## Description of the task
Write out the whole listing below exactly, skipping each picture.

## Data extract
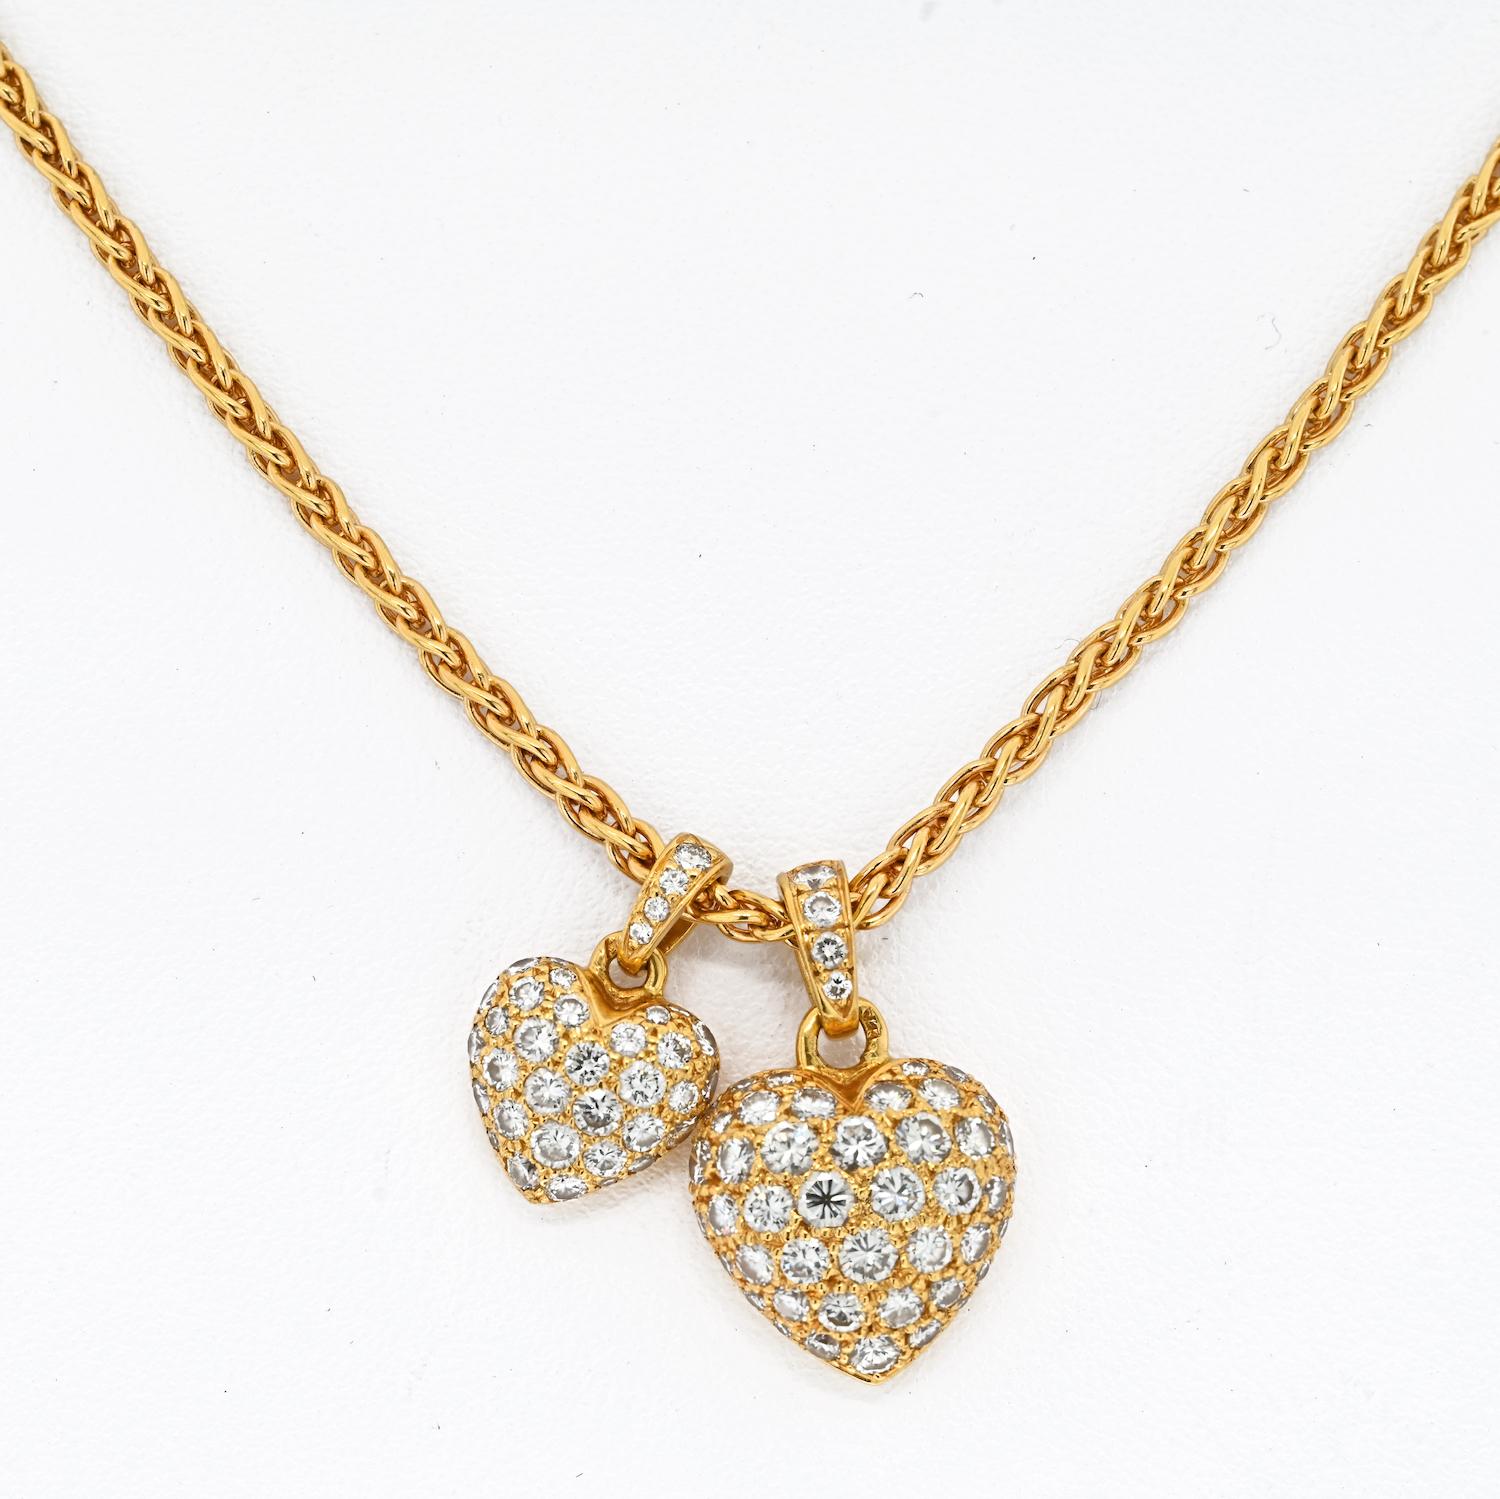 Modern Cartier 18K Yellow Gold Puffy Hearts Pave Round Diamond Pendant Necklace
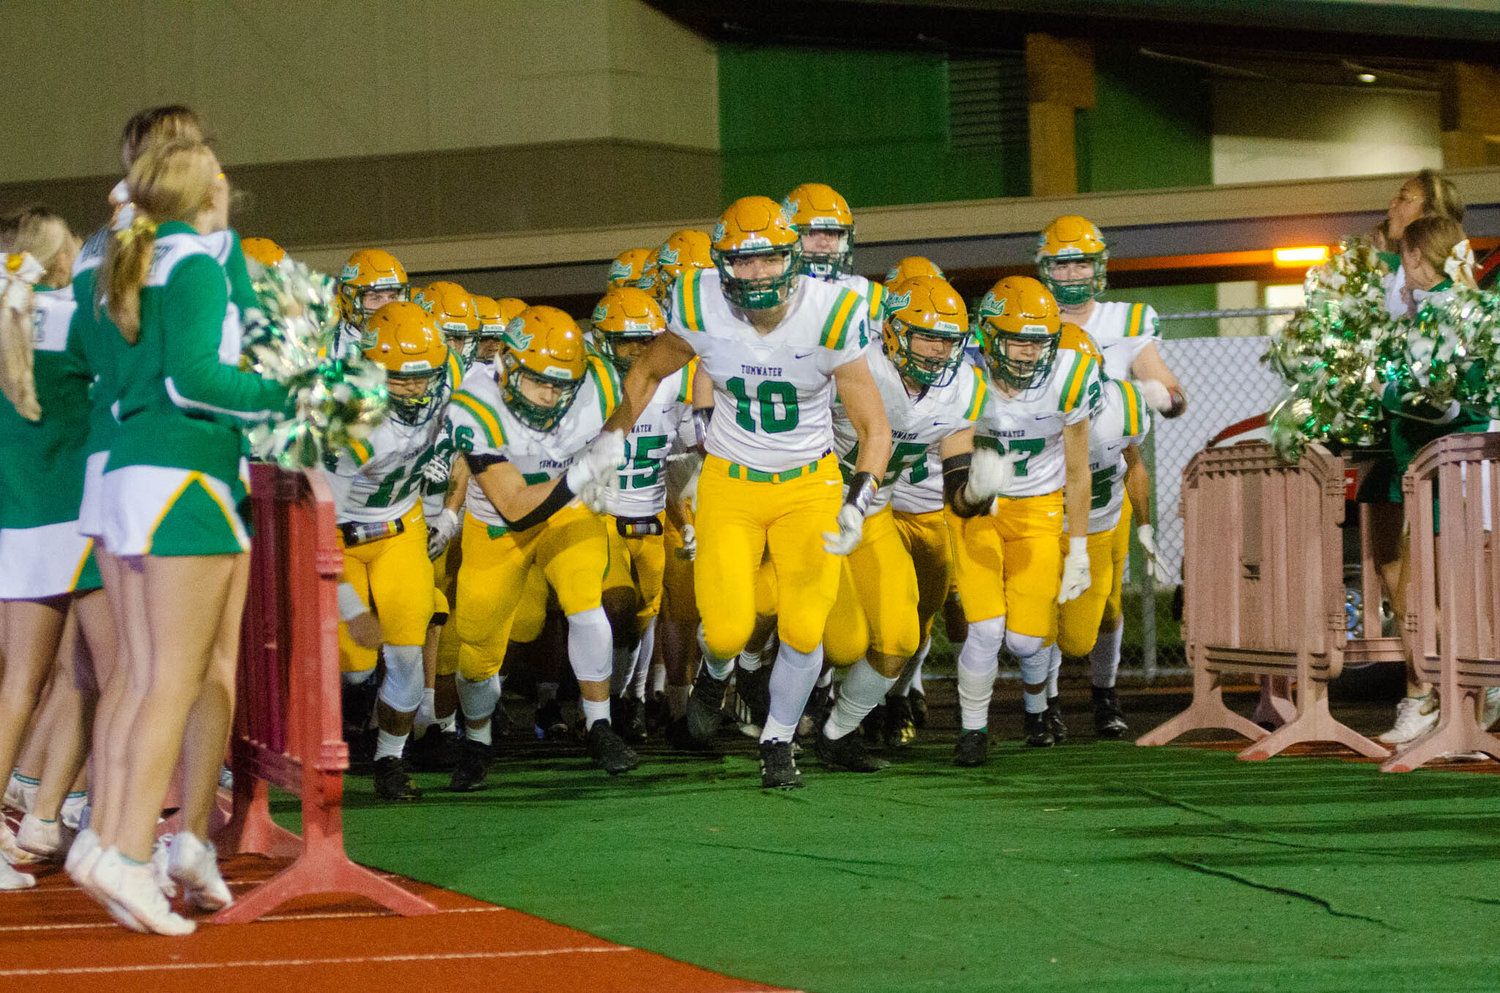 The T-Birds get ready to enter the gridiron at Friday night’s Pioneer Bowl against Black Hills. Tumwater won the game in a decisive 50-7 victory.
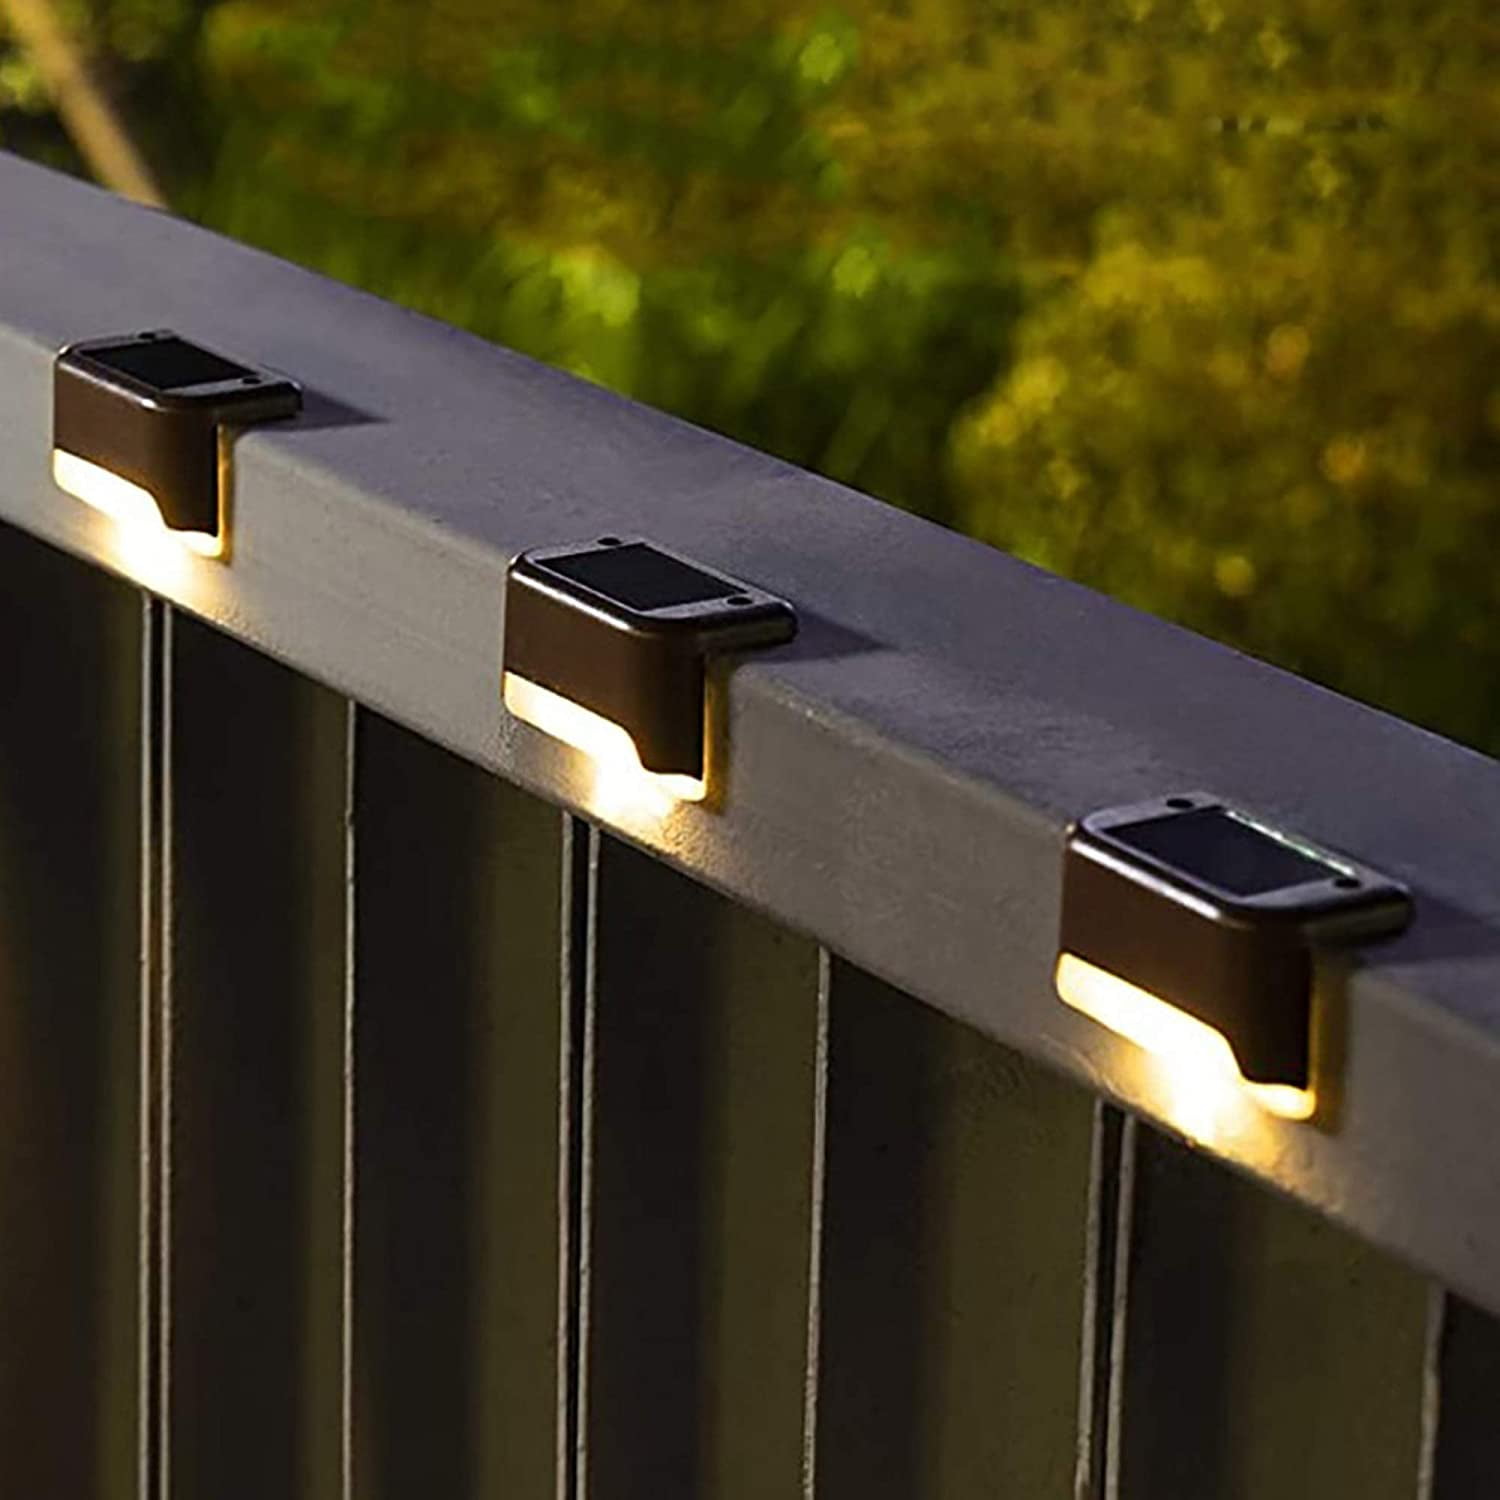 LED Solar Powered Stair Lights Dusk-To-Dawn Waterproof Garden Pathway Patio Lamp

## Output for this exercise
 Modern Cartier 18K Yellow Gold Puffy Hearts Pave Round Diamond Pendant Necklace
 The T-Birds get ready to enter the gridiron at Friday night’s Pioneer Bowl against Black Hills. Tumwater won the game in a decisive 50-7 victory.
 LED Solar Powered Stair Lights Dusk-To-Dawn Waterproof Garden Pathway Patio Lamp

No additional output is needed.